Samaha, for his part, was
born in 1948 and received his first Phalangist Party membership card in 1964.
Former president Amin
Gemayel appointed him as his media advisor, which led him to chair Tele-Liban,
Lebanon’s official television station.
Following frequent
visits to Damascus in the Eighties and Nineties, Beirut’s pro-Syrian daily al-Akhbar
reports, he started playing two roles – one as a Lebanese political operator
and the other as Syrian-French intelligence operative.
His influence in France
started to grow as his friends in the French administration became more
powerful. One of them, Claude Guéant,
became chief of staff to Nicolas Sarkozy and his point man on Syria.
In July 2008, when a
small Lebanese delegation headed by President Michel Suleiman paid a visit to
Assad at his hotel during a state visit to Paris, its members were surprised to
see Samaha, a Lebanese, included in the Syrian delegation. The incident
underlined Samaha’s influence with Damascus and, therefore, the significance of
his arrest and indictment.
By then, Syrian media had
even changed Samaha’s title from “assistant to Syrian presidential advisor
Bouthaina Shaaban” to “Syrian presidential advisor for French affairs.”
Samaha
would spend time in the Damascus Sheraton lobby receiving visitors – be they
Syrians, Lebanese or foreign journalists.
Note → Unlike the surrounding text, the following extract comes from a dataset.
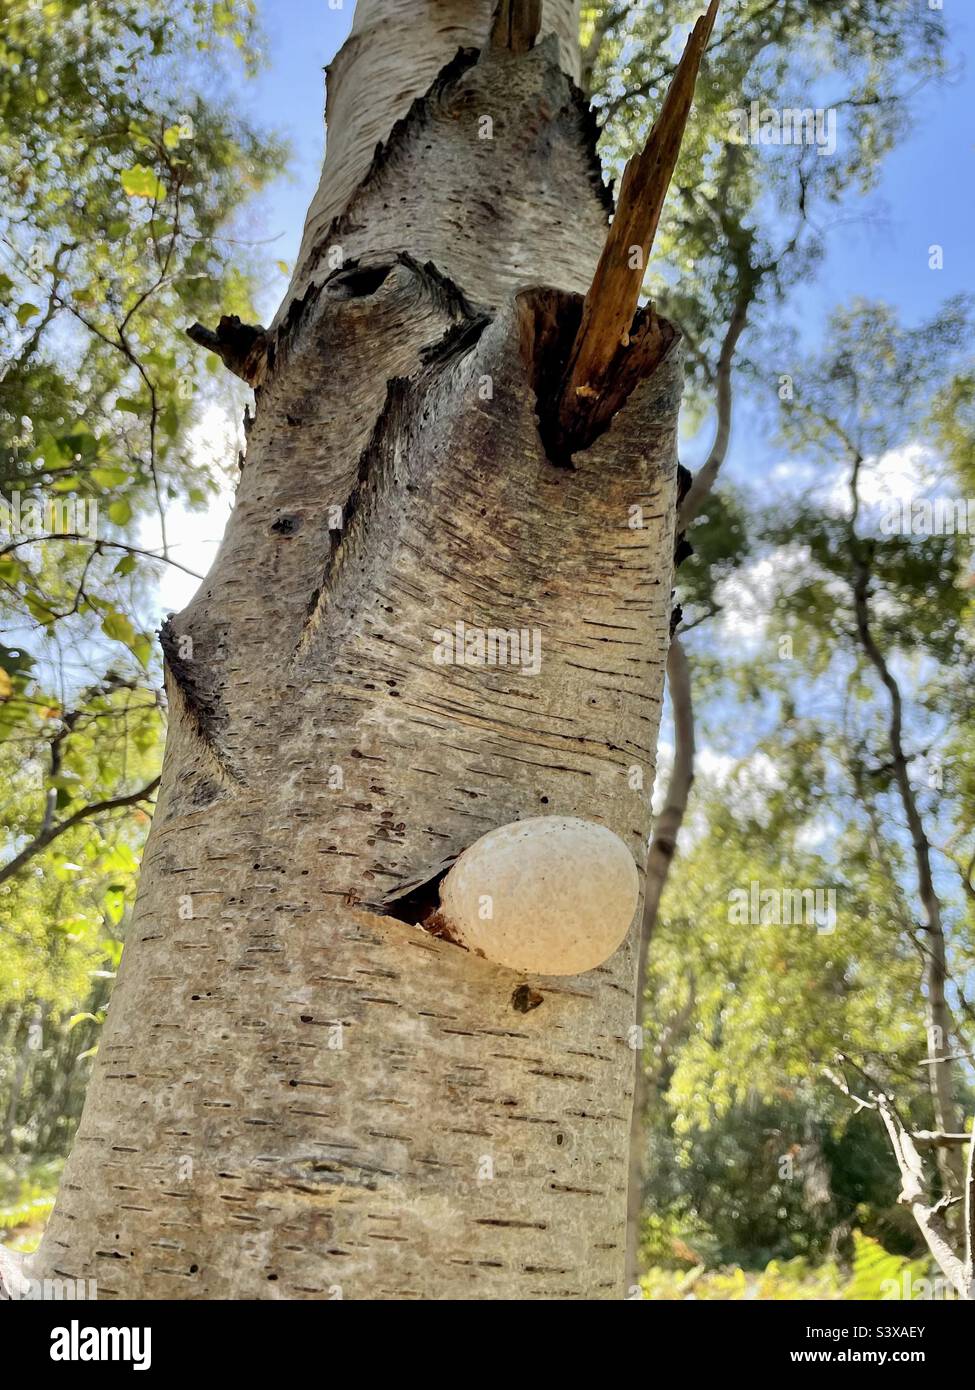 Las maravillas de la naturaleza. Este tronco de árbol se ve como una cara, con hongos que parece que el árbol está soplando chicle de su boca. Foto de stock

Even after the outbreak of the Syria
crisis, Samaha was the only serious conduit of the regime’s tales to foreign media
about insurgents and the Islamist character of the uprising.
Editorially, Ahmad
Ayyash, writing today for Beirut’s independent daily an-Nahar, decries
Assad’s “insolence” for having the guile to personally contact Lebanese
officials and demand Samaha’s release.
“Self-respect,” says
Ayyash, “should see Lebanese officials issue an arrest warrant against Assad
himself.”
Ali
Hamadeh, in his daily column for an-Nahar, says the Lebanese judiciary
should not suffice with Gen. Mamlouk’s indictment – “he too should be served an
arrest warrant.
“Moreover, all Syrian
regime officials and their family members should be denied entry to Lebanon.
For example, the spouse of Maher
al-Assad recently spent almost a week in Beirut calling on boutiques,
beauty salons and plastic surgeries while her husband and the Assad clique were
planning to kill more Lebanese” than they have over the years.